Problem requirements
Select every line containing the word "with" from the material, and copy those lines.

[Given records Boundary: Start]

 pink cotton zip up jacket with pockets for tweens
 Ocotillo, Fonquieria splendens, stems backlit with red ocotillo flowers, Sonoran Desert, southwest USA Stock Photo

[Given records Boundary: End]
[Given records Boundary: Start]

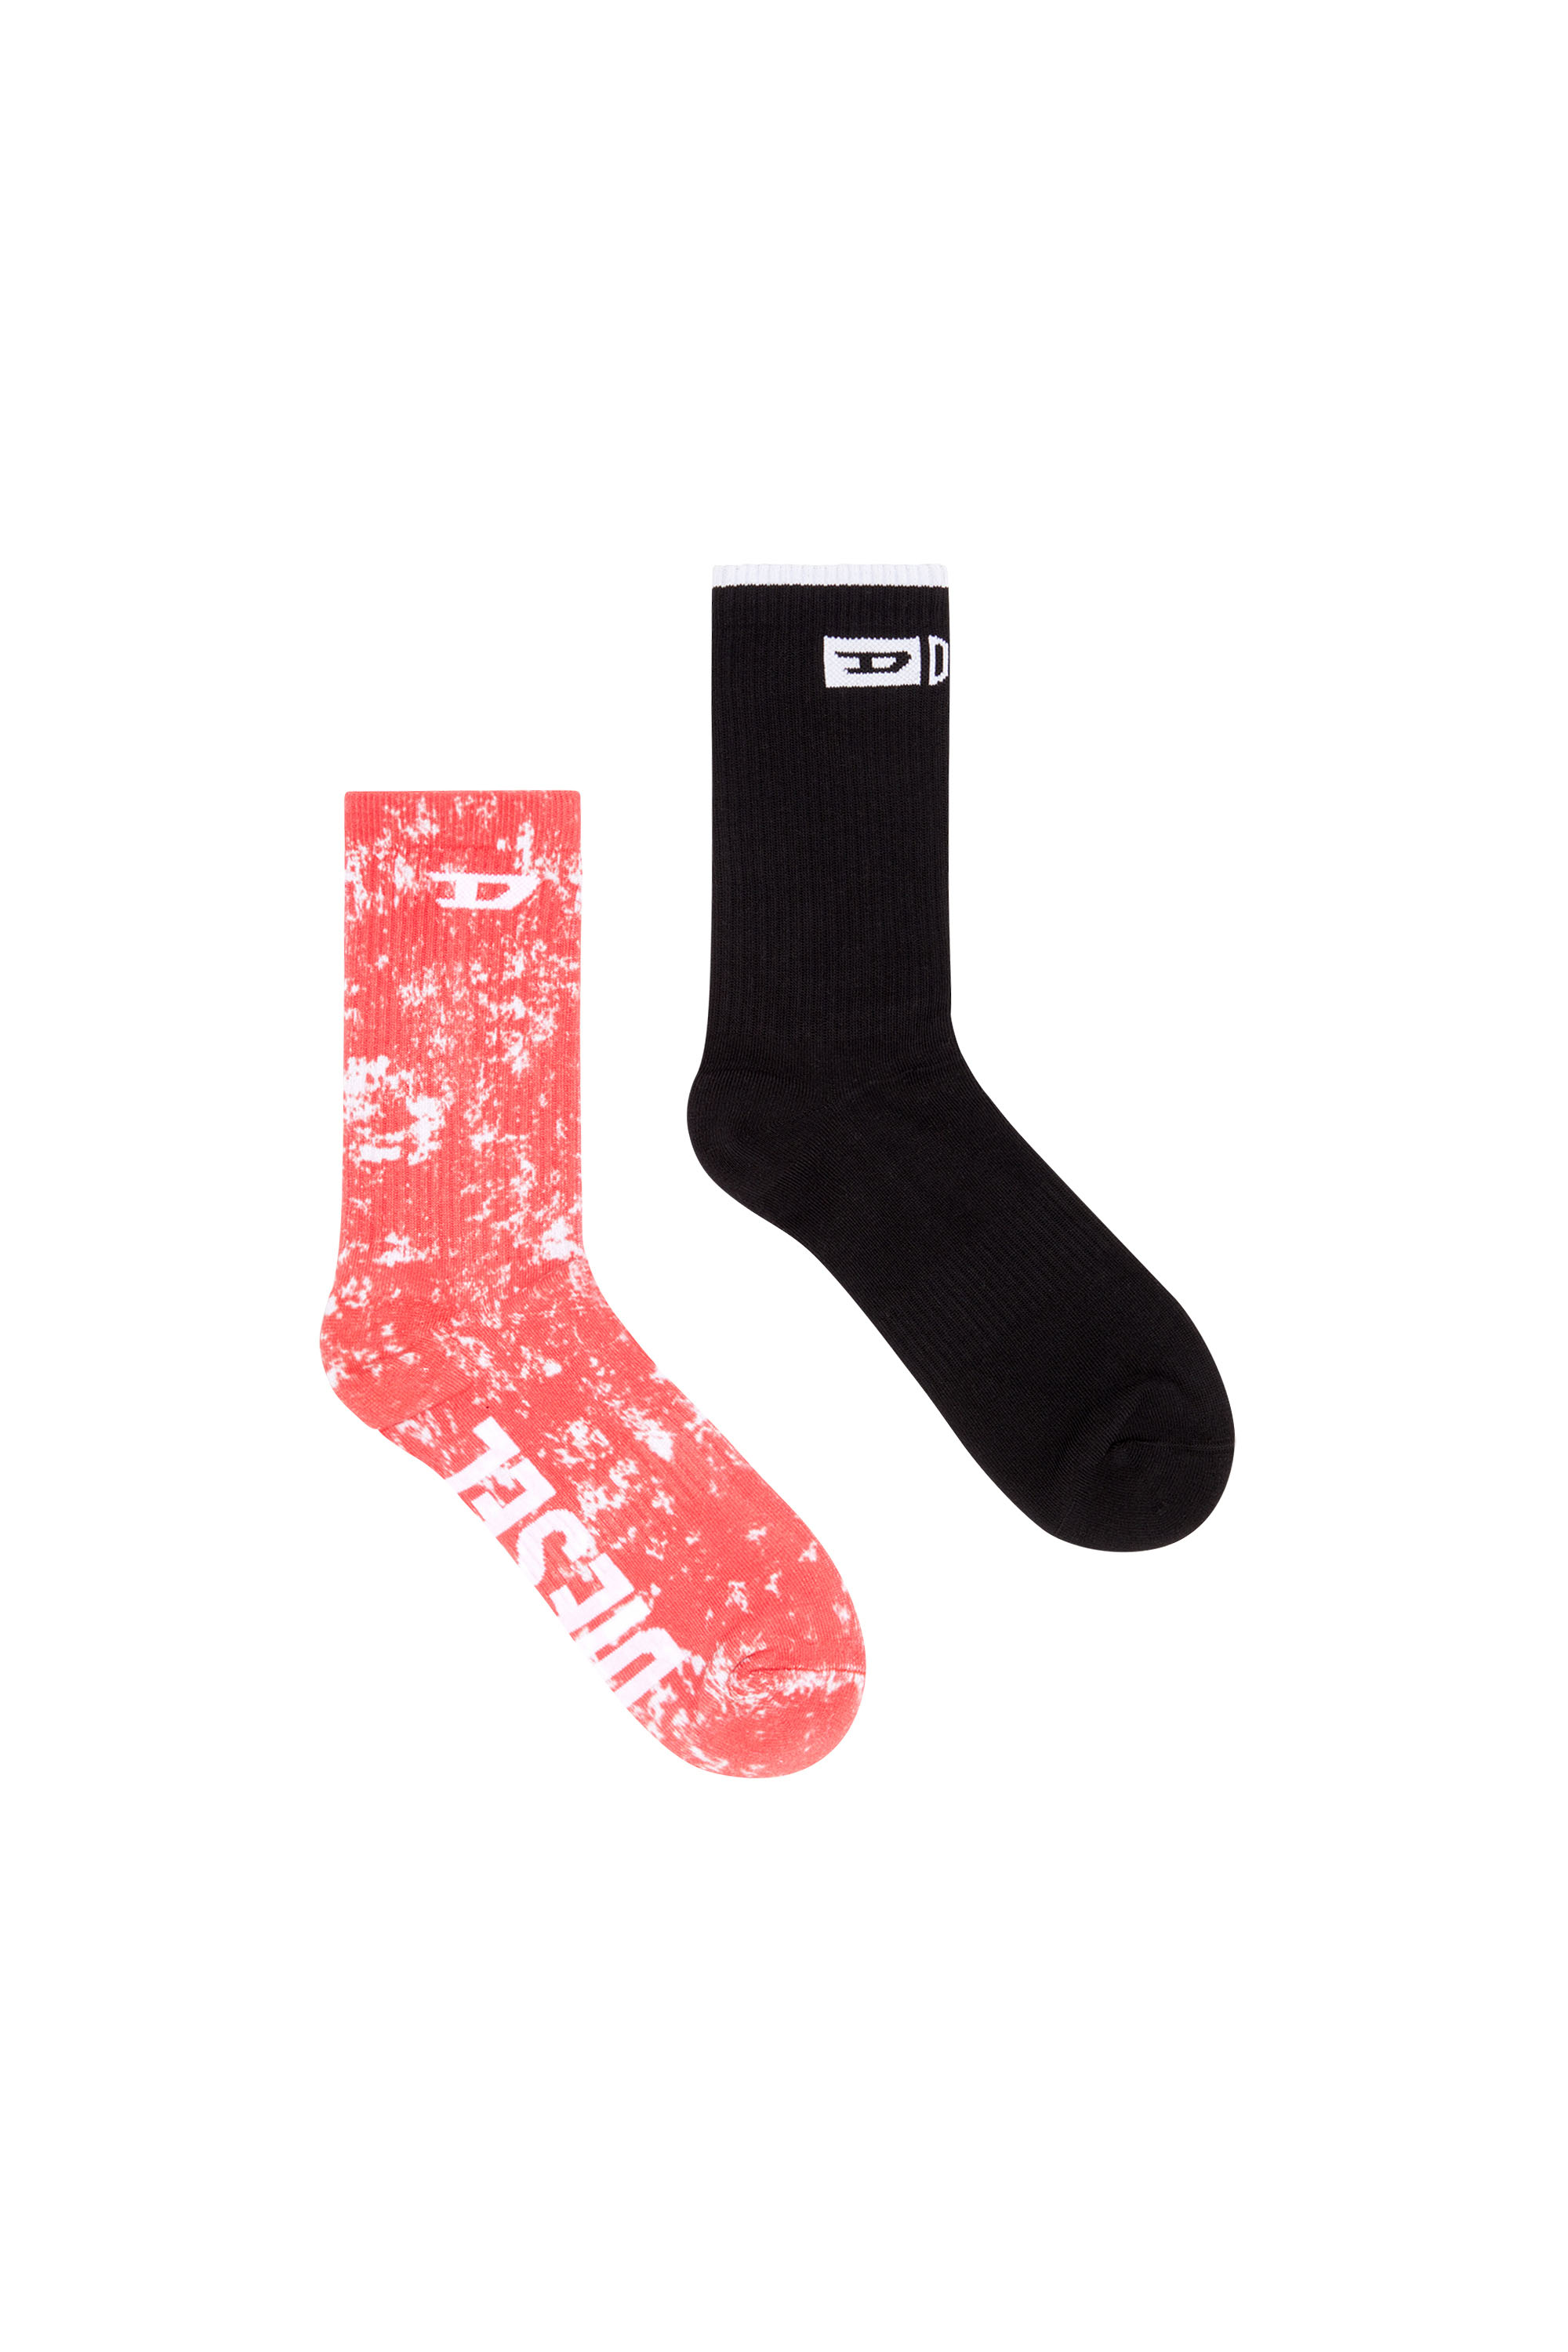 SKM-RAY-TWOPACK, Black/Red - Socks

[Given records Boundary: End]
[Given records Boundary: Start]

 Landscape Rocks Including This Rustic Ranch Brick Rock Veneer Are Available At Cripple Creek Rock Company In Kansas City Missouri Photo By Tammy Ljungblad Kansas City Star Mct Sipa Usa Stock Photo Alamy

[Given records Boundary: End]

Exercise answer
 pink cotton zip up jacket with pockets for tweens
 Ocotillo, Fonquieria splendens, stems backlit with red ocotillo flowers, Sonoran Desert, southwest USA Stock Photo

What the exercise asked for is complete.